» Work request
Without including any pictures, copy every line below exactly.

» Recorded data
- - - - - - -

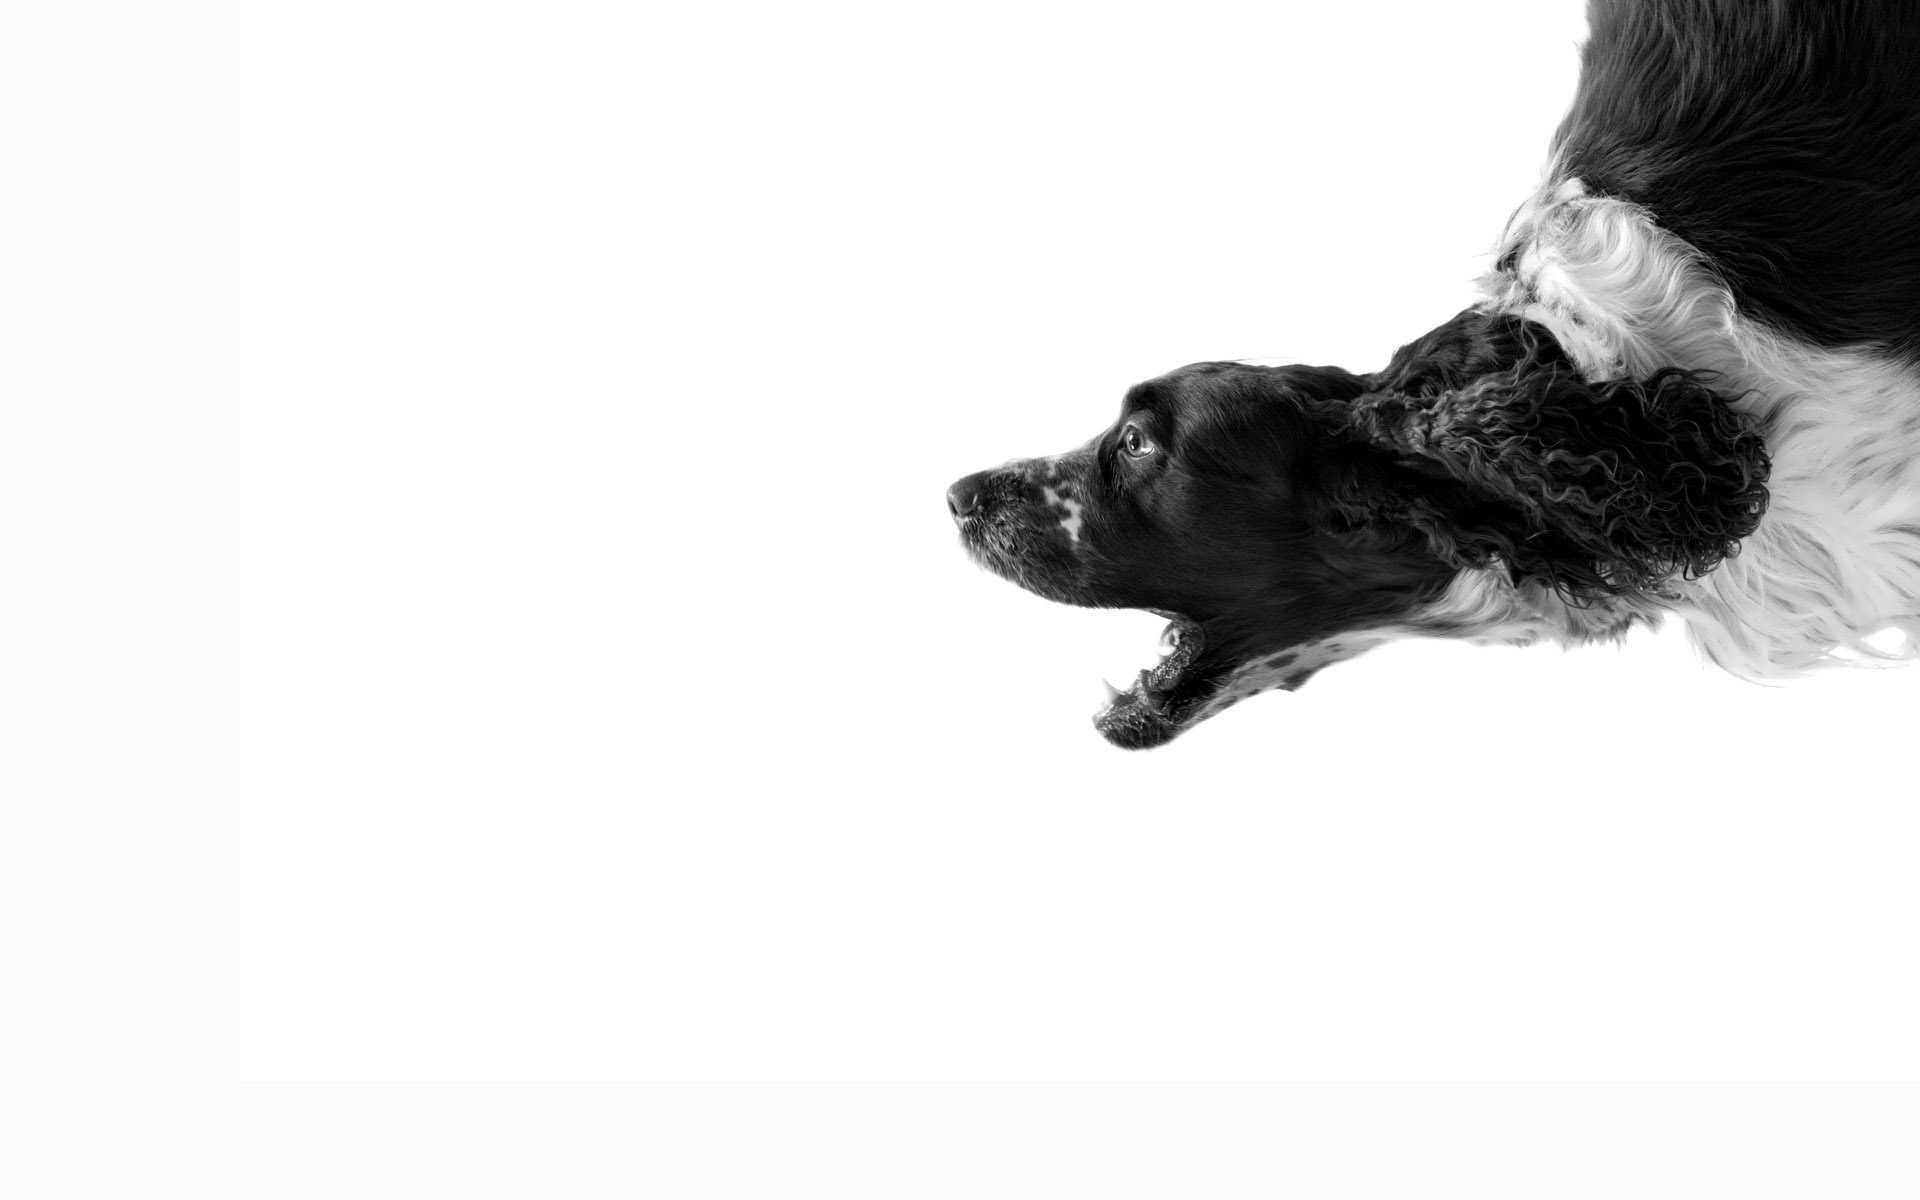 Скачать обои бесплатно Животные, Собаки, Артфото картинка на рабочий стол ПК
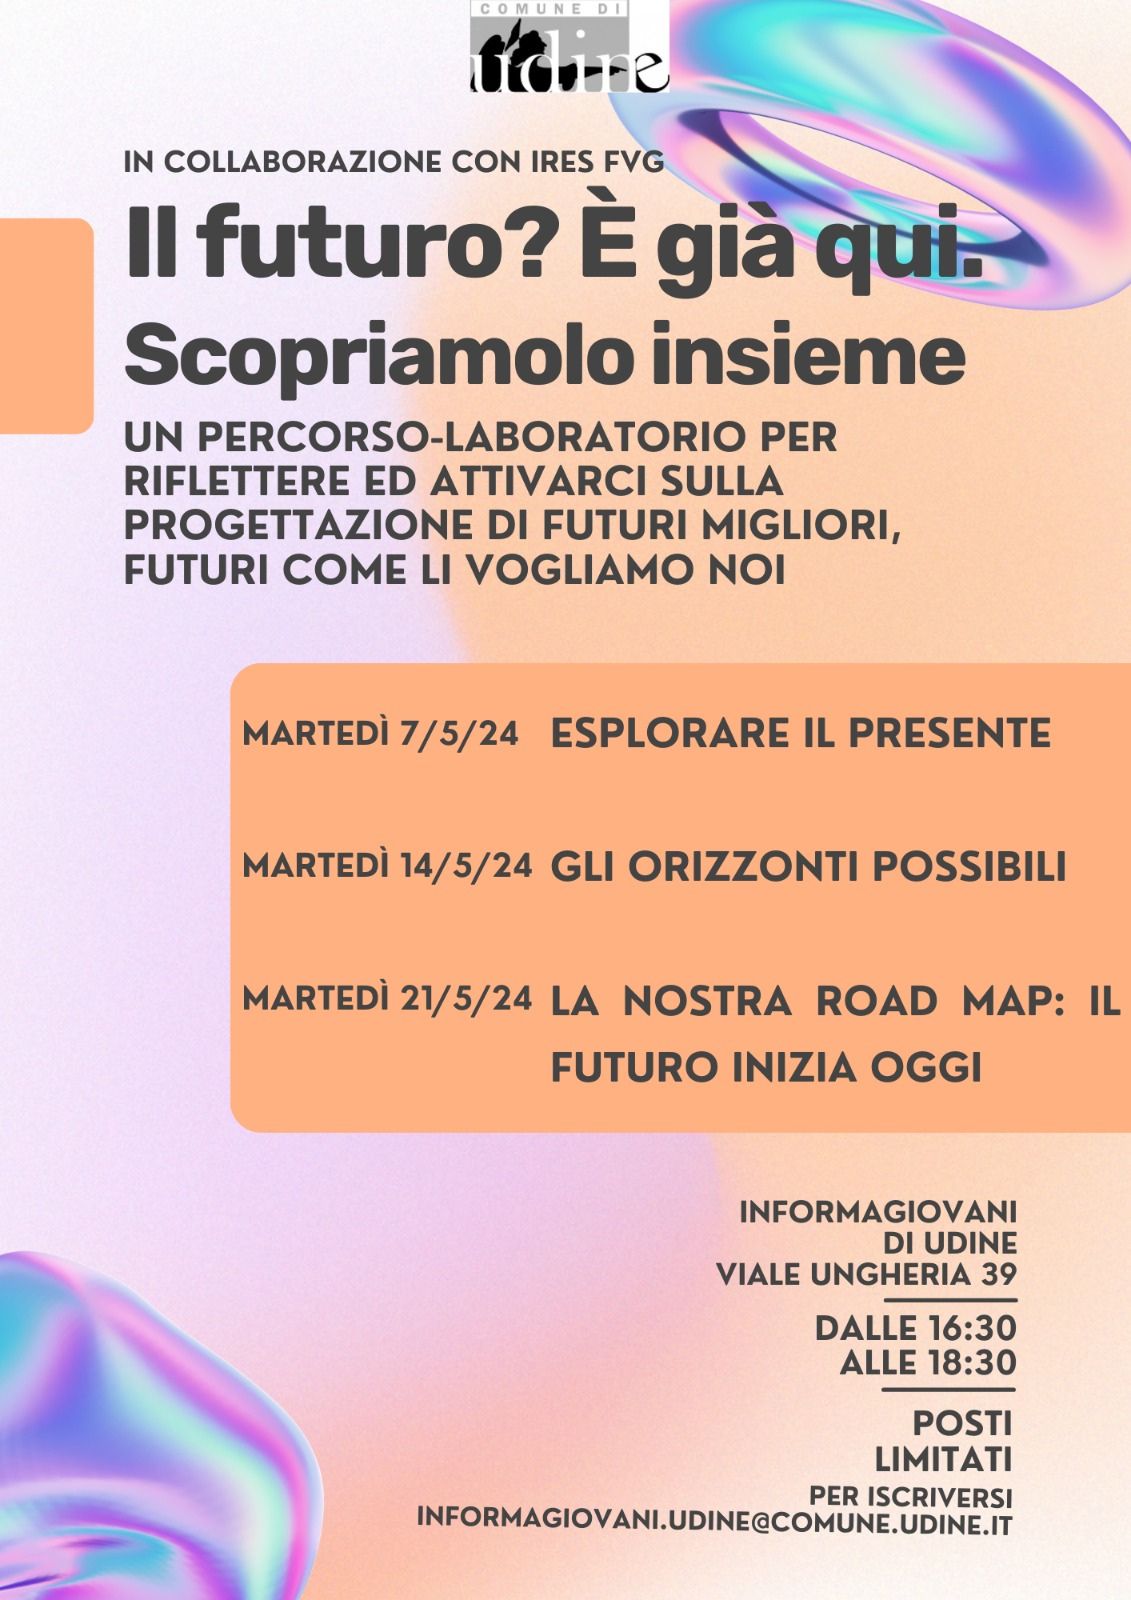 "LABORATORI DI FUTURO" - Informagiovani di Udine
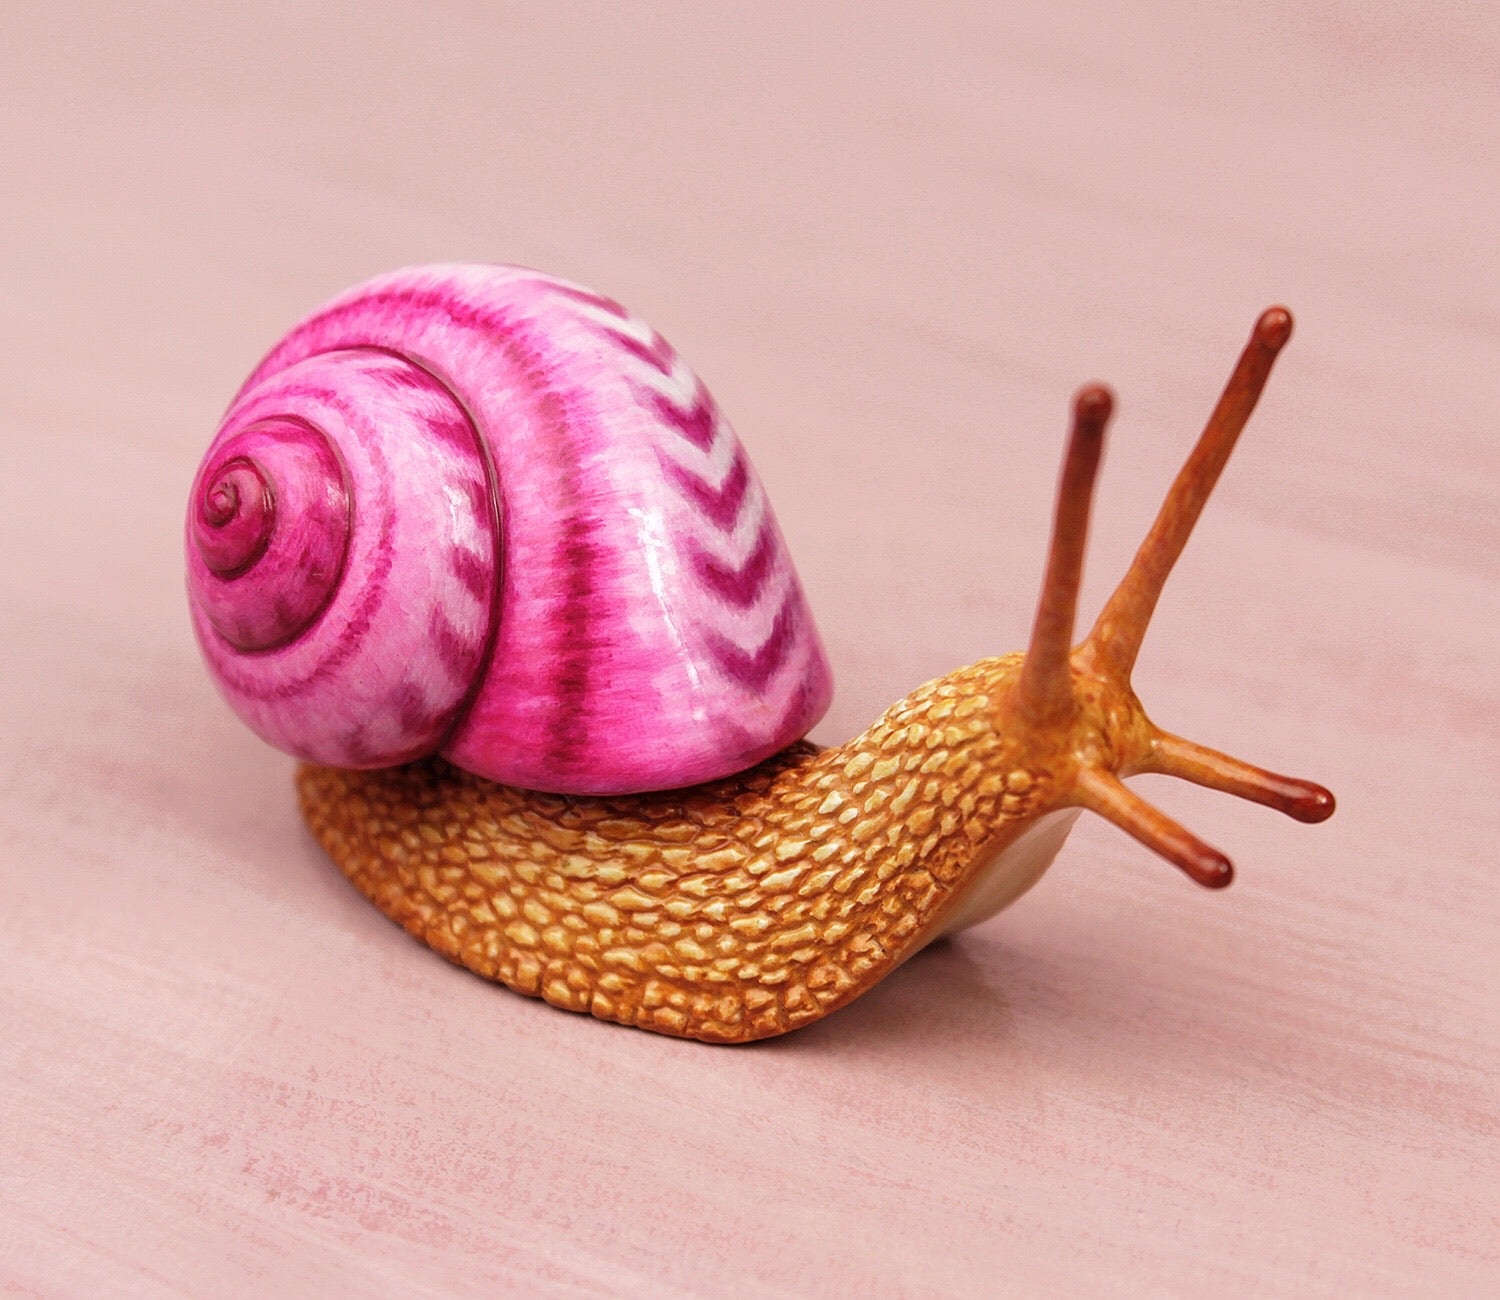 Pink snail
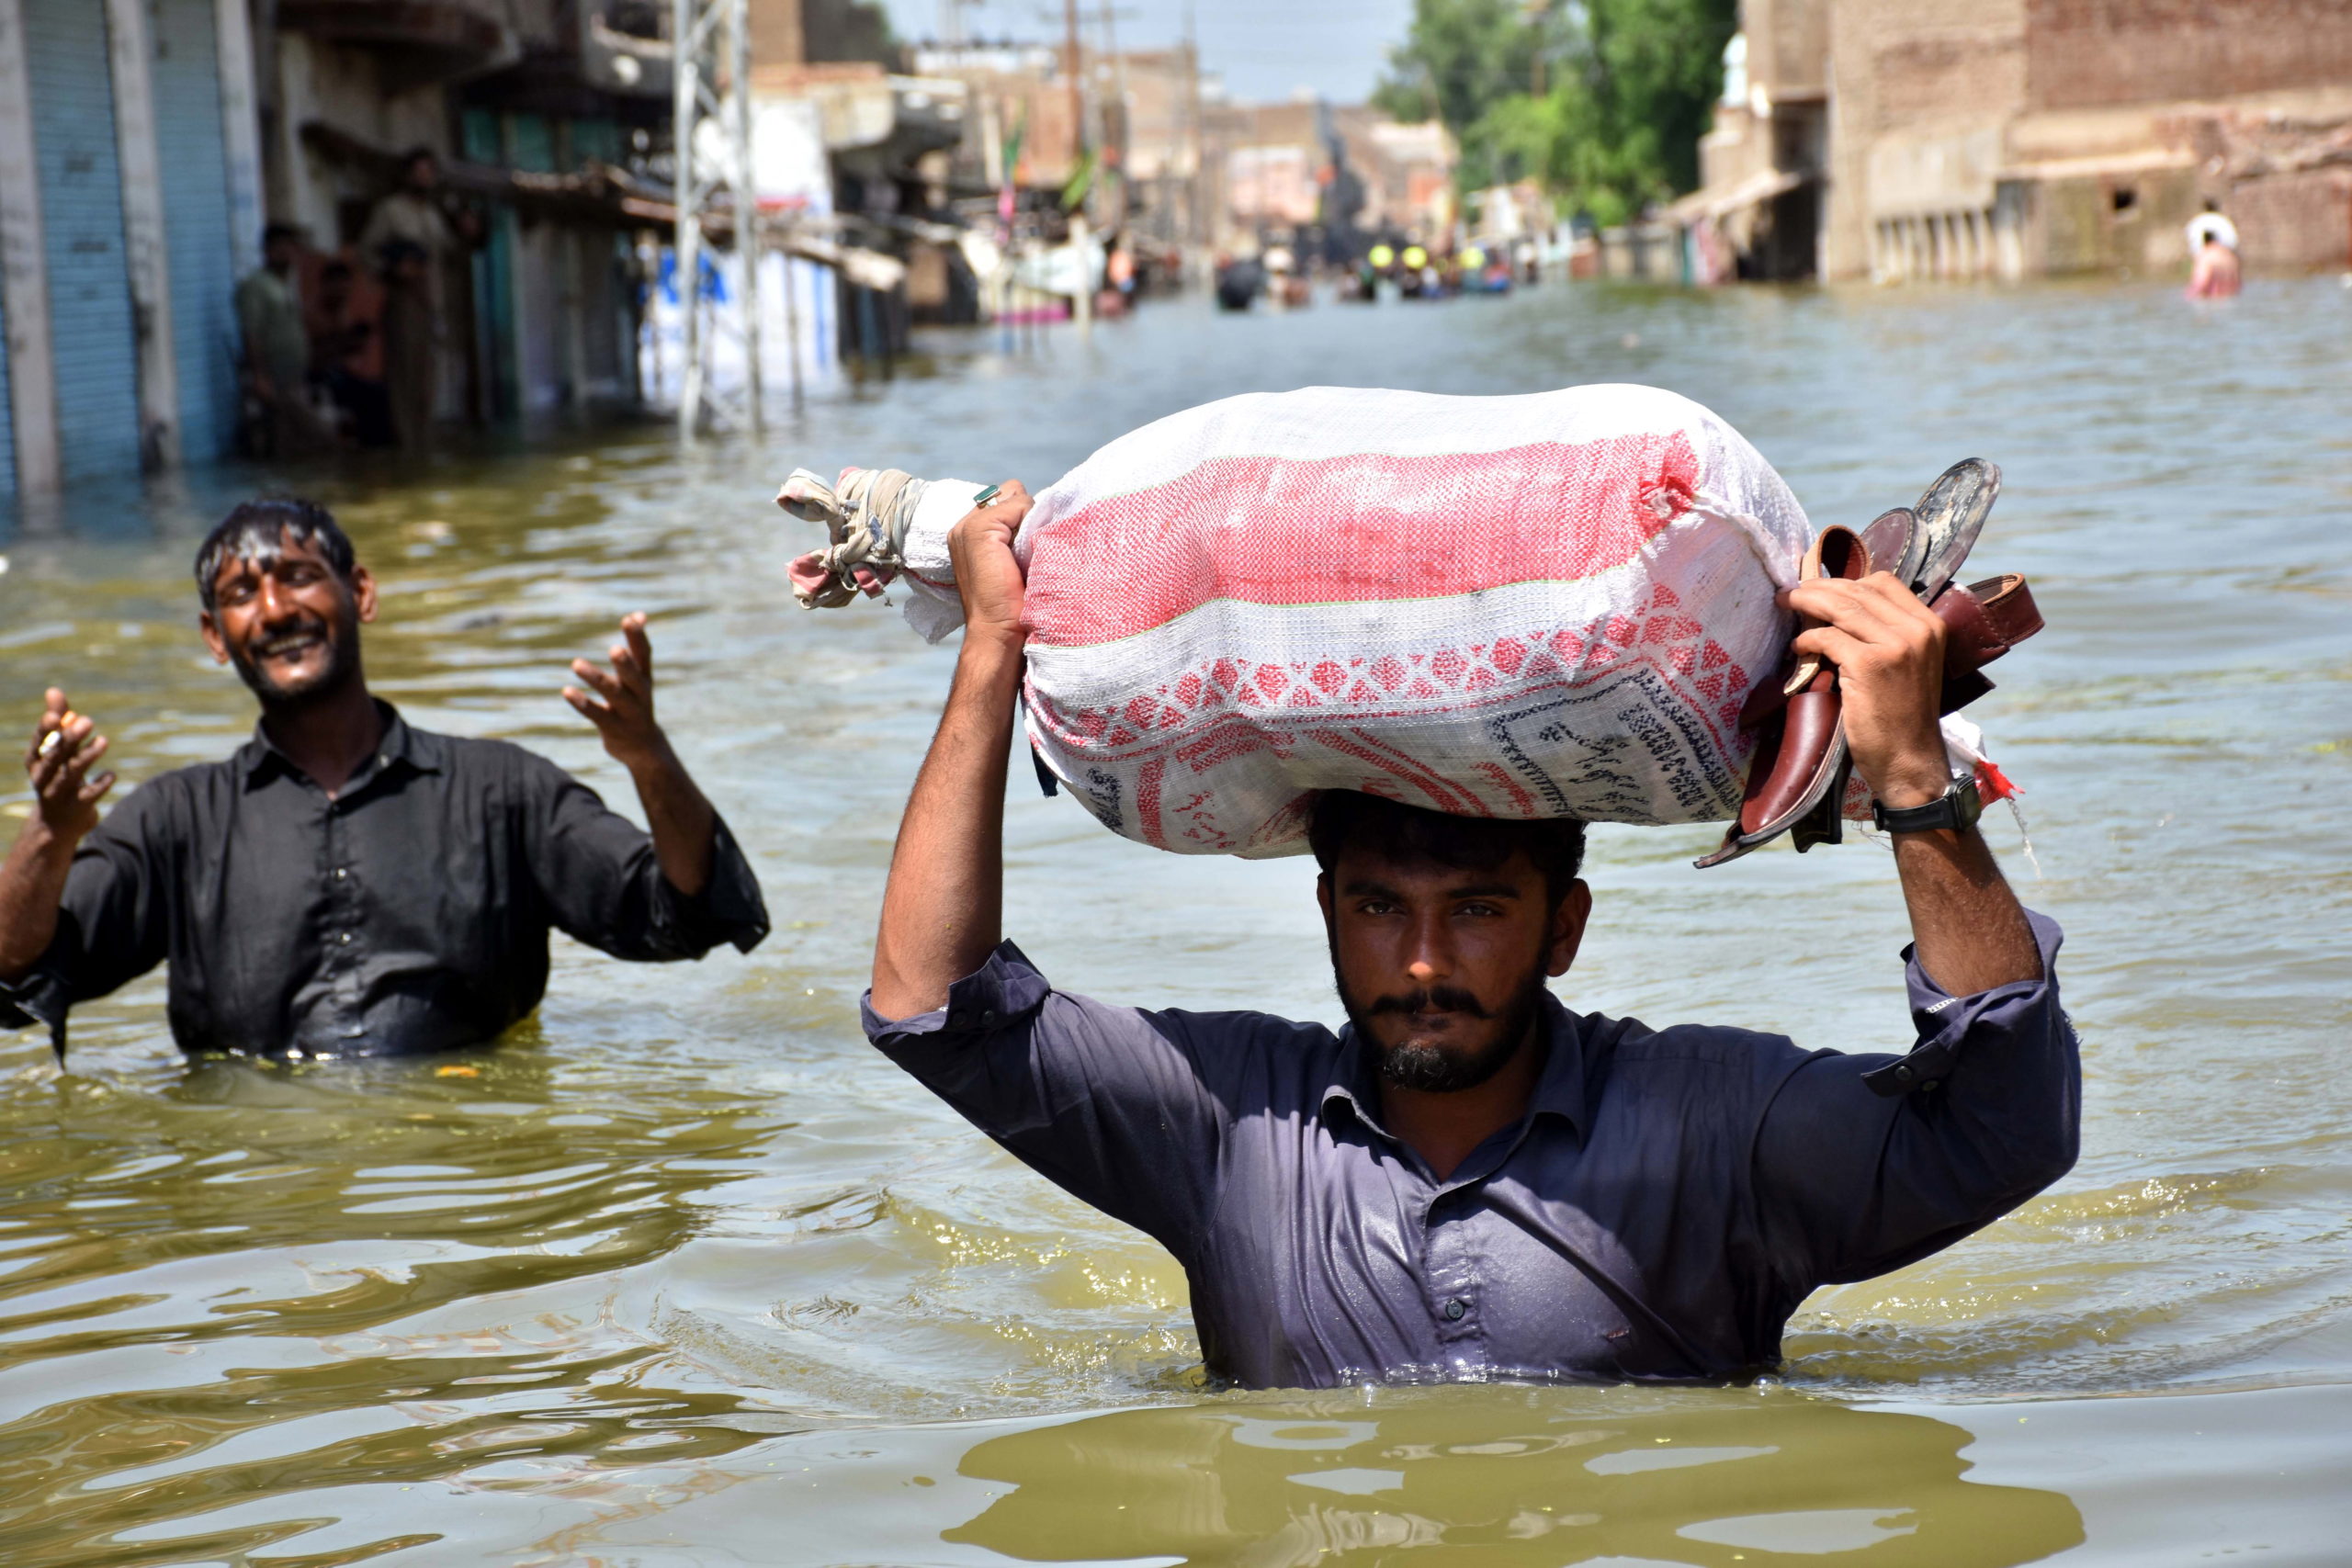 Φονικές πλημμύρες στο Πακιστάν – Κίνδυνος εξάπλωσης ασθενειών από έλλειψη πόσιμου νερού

- - - - - - -

» Result
 Скачать обои бесплатно Животные, Собаки, Артфото картинка на рабочий стол ПК
 "LABORATORI DI FUTURO" - Informagiovani di Udine
 Pink snail
 Φονικές πλημμύρες στο Πακιστάν – Κίνδυνος εξάπλωσης ασθενειών από έλλειψη πόσιμου νερού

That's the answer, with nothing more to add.